Here is my sample 1/1250 was not really fast enough. I was at F8 due to 800mm. So that left me with ISO 2000 (manual) and it was underexposed so I've had to push the shadows. Perhaps the correct ISO would have been 3200 or 6400

. Maybe this new "smart" camera would have focused on the eyes but given the speed of movement I somehow doubt it - for sure my 1DX2 won't refocus as fast as this bird moves, so I'm dependent on luck with 14 FPS. Remember the new 1DX2 ad demonstrating "fast" AF with an otter running (plodding) straight towards the camera. Apparently Nikon does much better but I doubt it would be that much better here.

Jack


----------



## mpb001 (Jan 25, 2019)

I thought the whole idea of M4/3 was the smaller form factor? What happened to that idea?


----------



## raptor3x (Jan 25, 2019)

Aglet said:


> I don't think it'll "tank" but it's not going to be a huge seller at that price when it has to compete with all the APSC & FF gear out there which are also very capable now.
> 
> I think it's niche will be rugged reportage and wildlife use where it can deliver adequate image quality in a smaller lighter package which will be up to the job in any weather. Not a big number in marketing but how many high end bodies does any mfr sell compared to their mainstream models? Existing MFT pro's who've been wishing for something a bit more beefy may be able justify adding this to their kit.



The problem is it offers almost nothing over the existing E-M1ii at nearly triple the current street price. The E-M1ii is smaller, has the same same, same AF system, same excellent weather sealing, same EVF, same drive modes. The only thing the E-M1X offers is the integrated grip and a, to be blunt, relatively minor firmware update.
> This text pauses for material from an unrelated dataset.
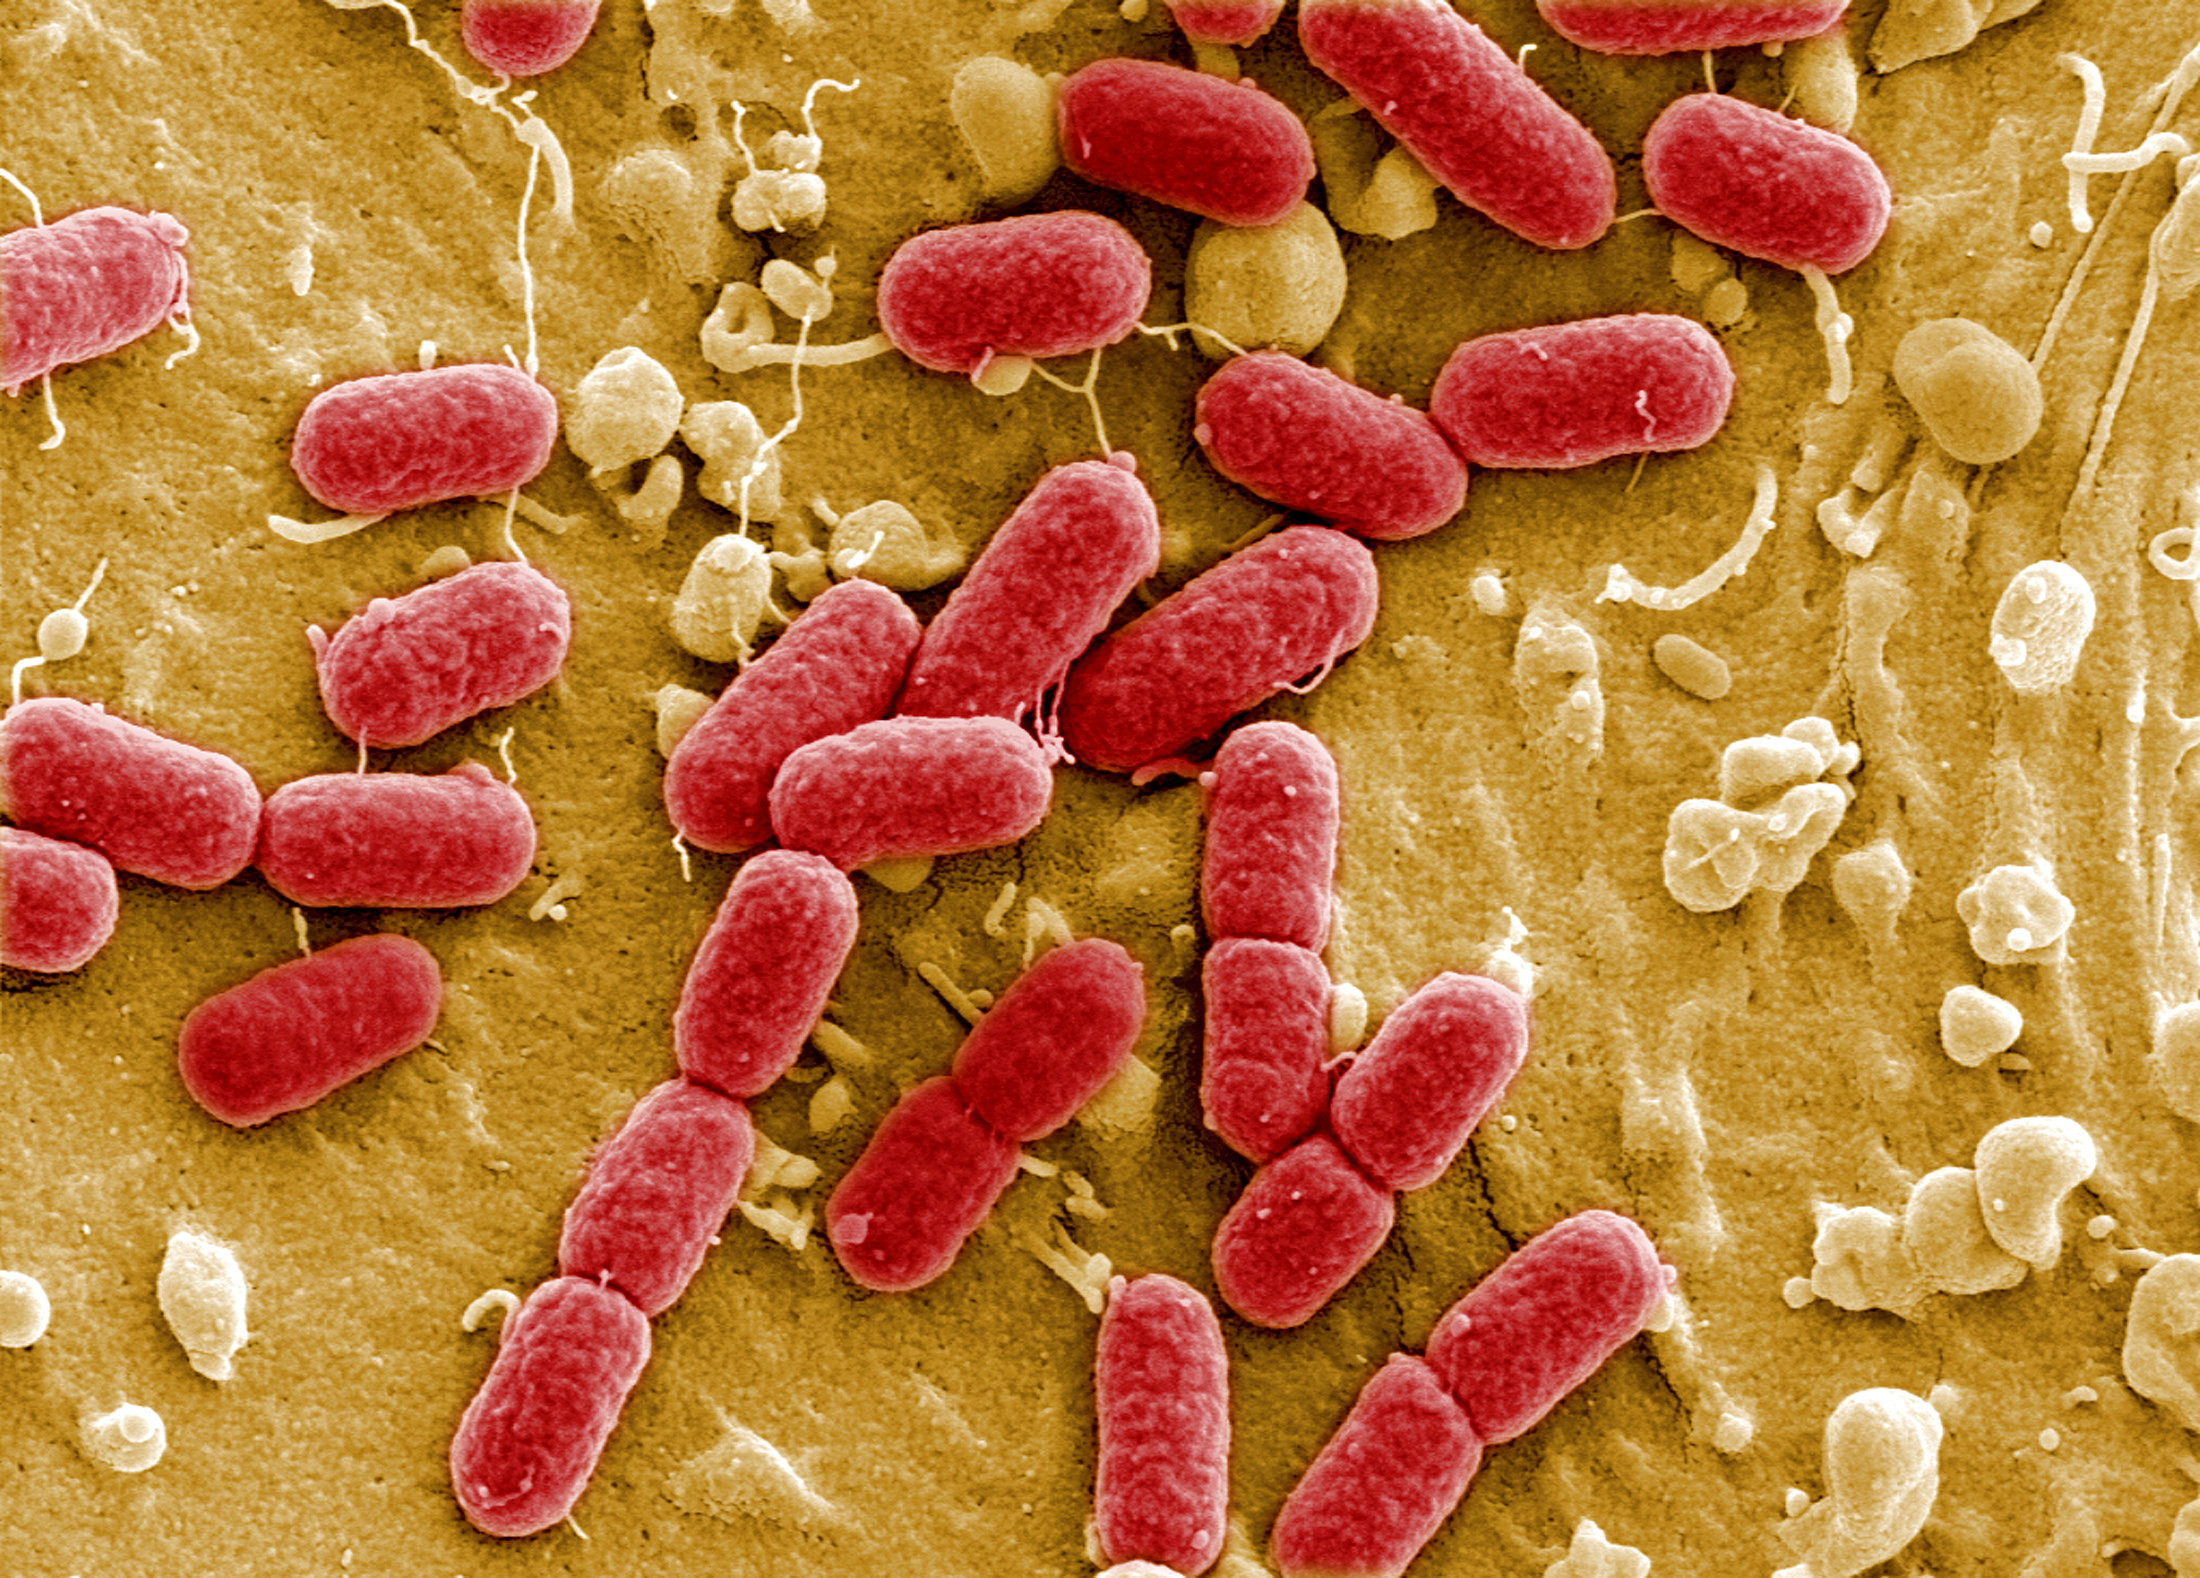 鱿鱼干制品的微生物(大肠杆菌群、大肠杆菌、金黄色葡萄球菌)的管制问题?

Heck, in many ways it's inferior to the $1200 Panasonic G9. They did a good job with the subject tracking for cars and trains but the actual AF system is exactly the same. I had fully intended to buy this camera before release, but Olympus has apparently been sitting on their hands for the last two years. This camera would have been great had they released it alongside the E-M1ii in 2016, but releasing this for $3K in 2019 is an absolute disaster for Olympus.


----------



## Larsskv (Jan 25, 2019)

For those interested, Jared Polin did a preview of the camera after using it hands on. You can look it up on YouTube. 

Summarized, the AF seems to be very good indeed, but he wasn’t impressed by the image quality. The main issue is the lack of depth of field. He found lack of bokeh and background separation. Further the ISO performance is poor compared to FF cameras. Last, he didn’t like the EVF at all. He found it to be the worst he had seen in years, mainly because of the lack of resolution.


----------



## dak723 (Jan 25, 2019)

raptor3x said:


> The problem is it offers almost nothing over the existing E-M1ii at nearly triple the current street price. The E-M1ii is smaller, has the same same, same AF system, same excellent weather sealing, same EVF, same drive modes. The only thing the E-M1X offers is the integrated grip and a, to be blunt, relatively minor firmware update. Heck, in many ways it's inferior to the $1200 Panasonic G9. They did a good job with the subject tracking for cars and trains but the actual AF system is exactly the same. I had fully intended to buy this camera before release, but Olympus has apparently been sitting on their hands for the last two years. This camera would have been great had they released it alongside the E-M1ii in 2016, but releasing this for $3K in 2019 is an absolute disaster for Olympus.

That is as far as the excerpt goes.